I don't mean to lash out at these products--they really are harmless--yet I can't resist pointing out that the intentions behind them often are not so. It's up to us to remember that and occasionally to recognize the superfluities in our lives and name them. No streamlined, superdesigned, slick little piece of black plastic will do that for us.

Global positioning handhelds, iPods, and televisual cell phones are not the must-have innovations and huge leaps in technological progress their advertisers make them out to be; they're little rectangles you wander off with for a few kicks. This is the case with our most intimate technologies: our lives are filled with indulgent--albeit occasionally cool--consumer gadgets intended to make our lives just that much more simple and entertaining. Now think of the inventions that have really changed our world--giant leaps in the development of human civilization like the railroad, the steam engine, the telegraph and the telephone, the automobile, and the airplane. In our own lifetimes we've witnessed the invention of fiber optics, the dawn of genetic engineering, and the proliferation of both the Internet and satellite communication. These are abstract technologies, not products. They have implications beyond convenience, beyond chic. These bits of plastic and wire metaphorically "elevate" or "advance" our civilization. Think of it this way: we have both consumer electronics and large, vaguer things called technological advances or inventions. You desire, save up for, purchase, and finally neglect the former. The latter, however, tend to be the stuff of dreams.

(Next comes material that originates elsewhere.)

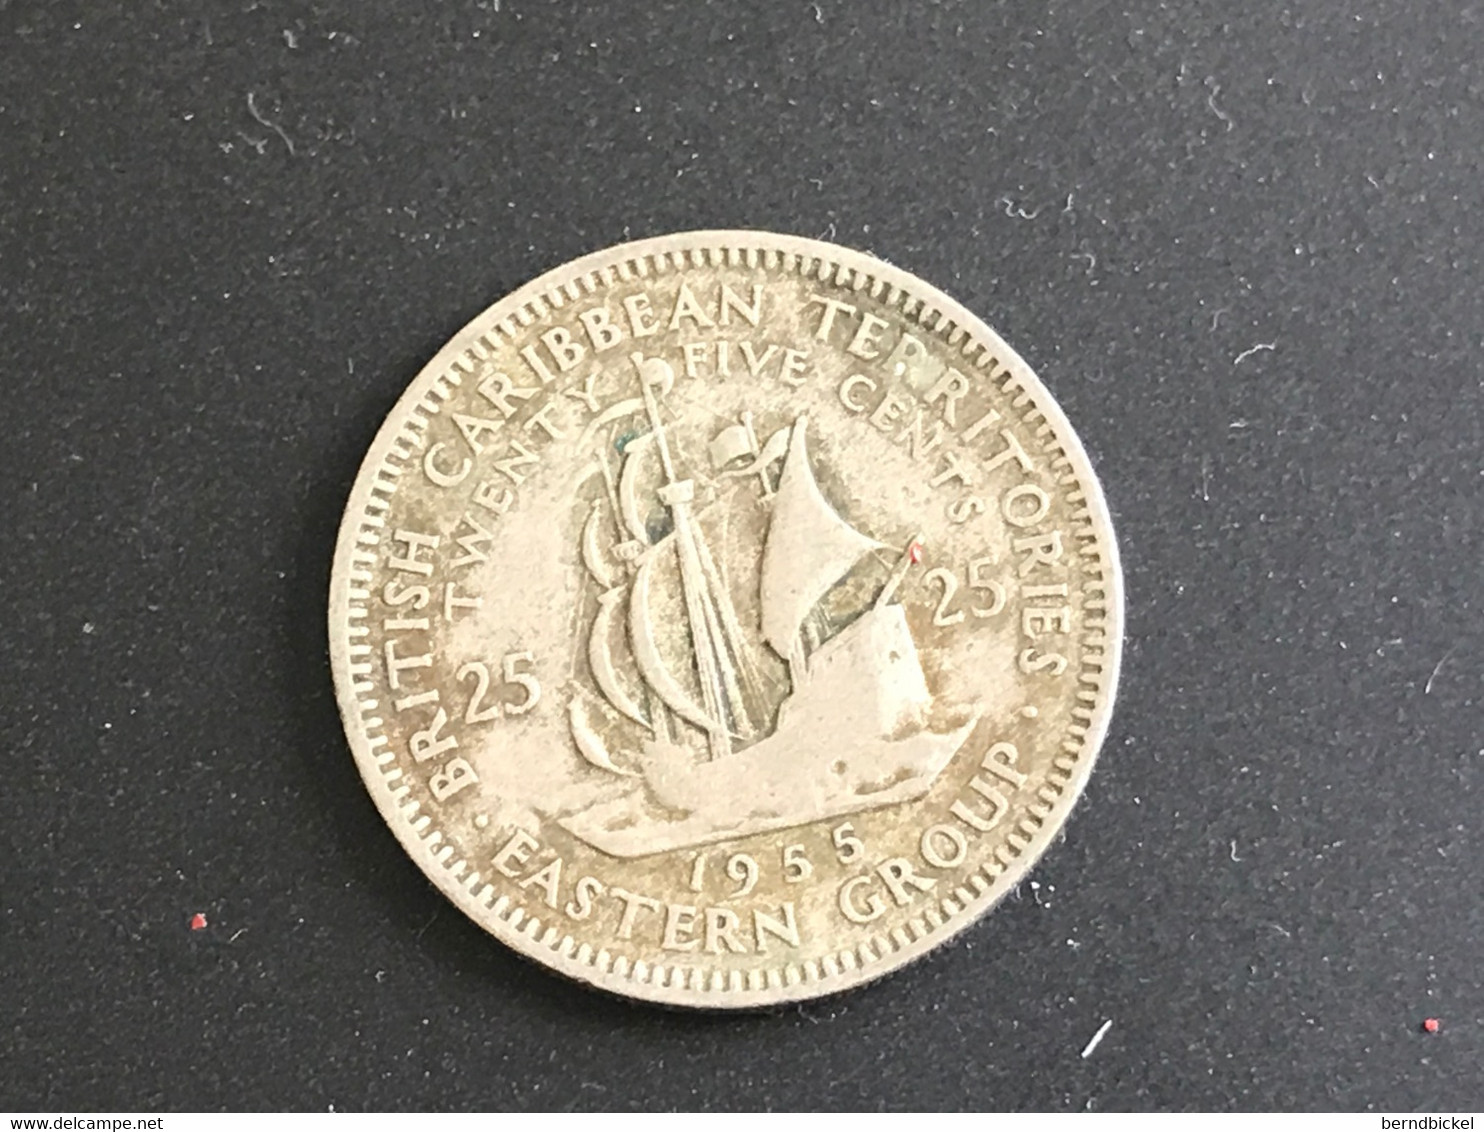 Münze Münzen Umlaufmünze Ostkaribische Territorien 25 Cents 1955 - Caraibi Britannici (Territori)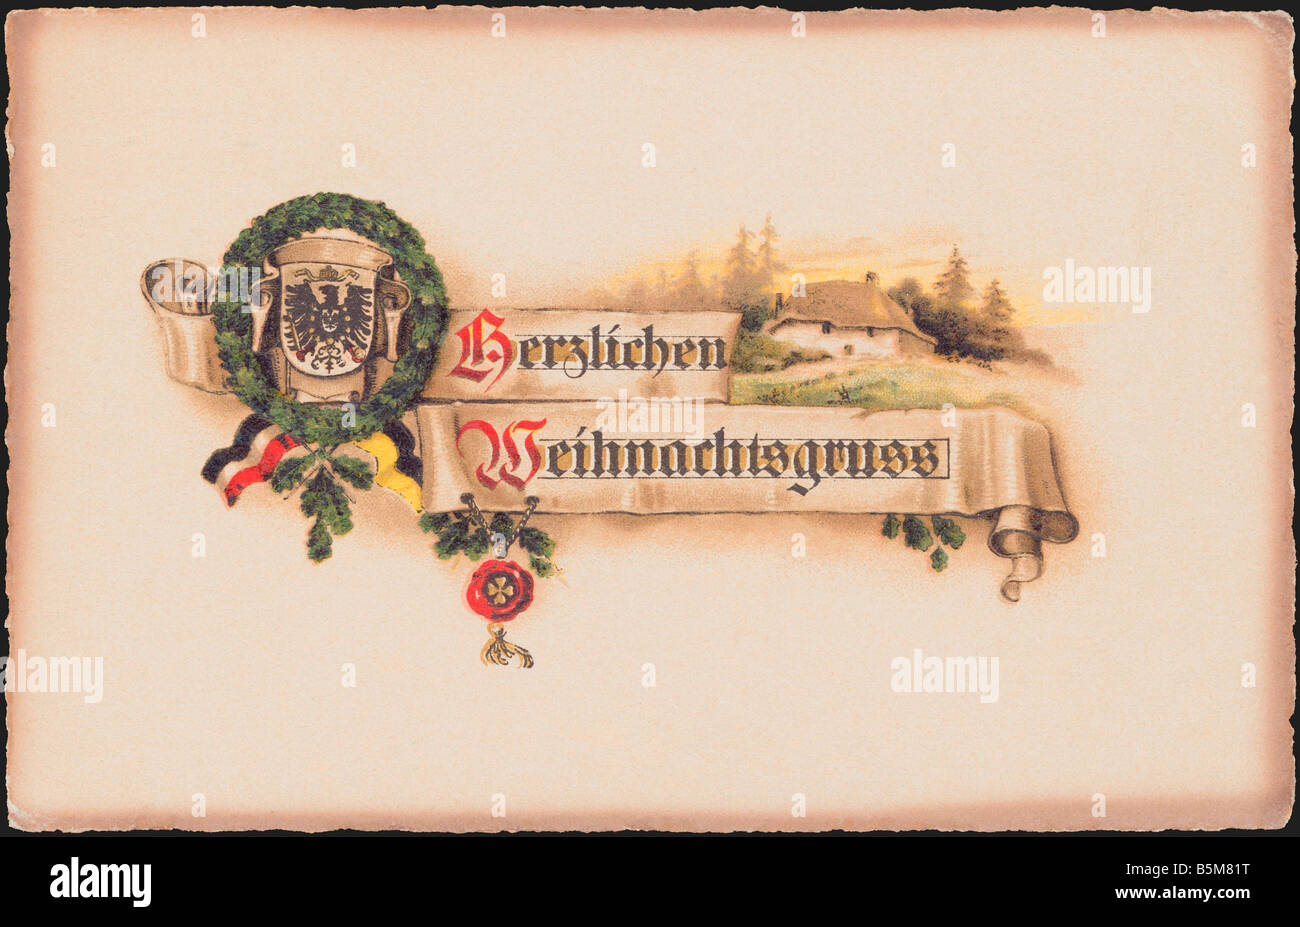 2 F15 P1 1916 1 Bannière avec couronne de chêne Postcard Cartes Postales de Noël Herzlichen Baner Weihnachtsgruss avec couronne de chêne reichs eagl Banque D'Images

I, for one, would like to see some teleportation. Wouldn't that be nice? A century of gradually improving transportation finally culminates in, boom! Instant access to anywhere on the planet. Our Internet- and world-trade-inspired metaphor, the global citizen, suddenly takes on new, literal meaning. What would that world be like? No separated lovers. No homesickness; home is everywhere. I'm not asking you to believe in teleportation, or even put down your game cube; I'm just asking you to dream a little, to think about what would really make this world a better, or at least more interesting, place. And if you don't Robert Tercek will do it for you.

The future will always be packaged and sold as palm-sized metallic rectangles that boost connectivity and cool, but which would you prefer: a Bluetooth or commercially viable solar power? A Samsung flatscreen television or a semester abroad on the International Space Station? Your entire CD collection in one little plastic nugget or the nanosurgery capable of suturing a paraplegic's spine? A cure for boredom or a cure for cancer? You get the theme. Of course, these choices don't have to be mutually exclusive--we can have our toys and our incredible advances at the same time. But the choice gets made for us when we get so caught up in our fabulous gadgetry that we forget to dream.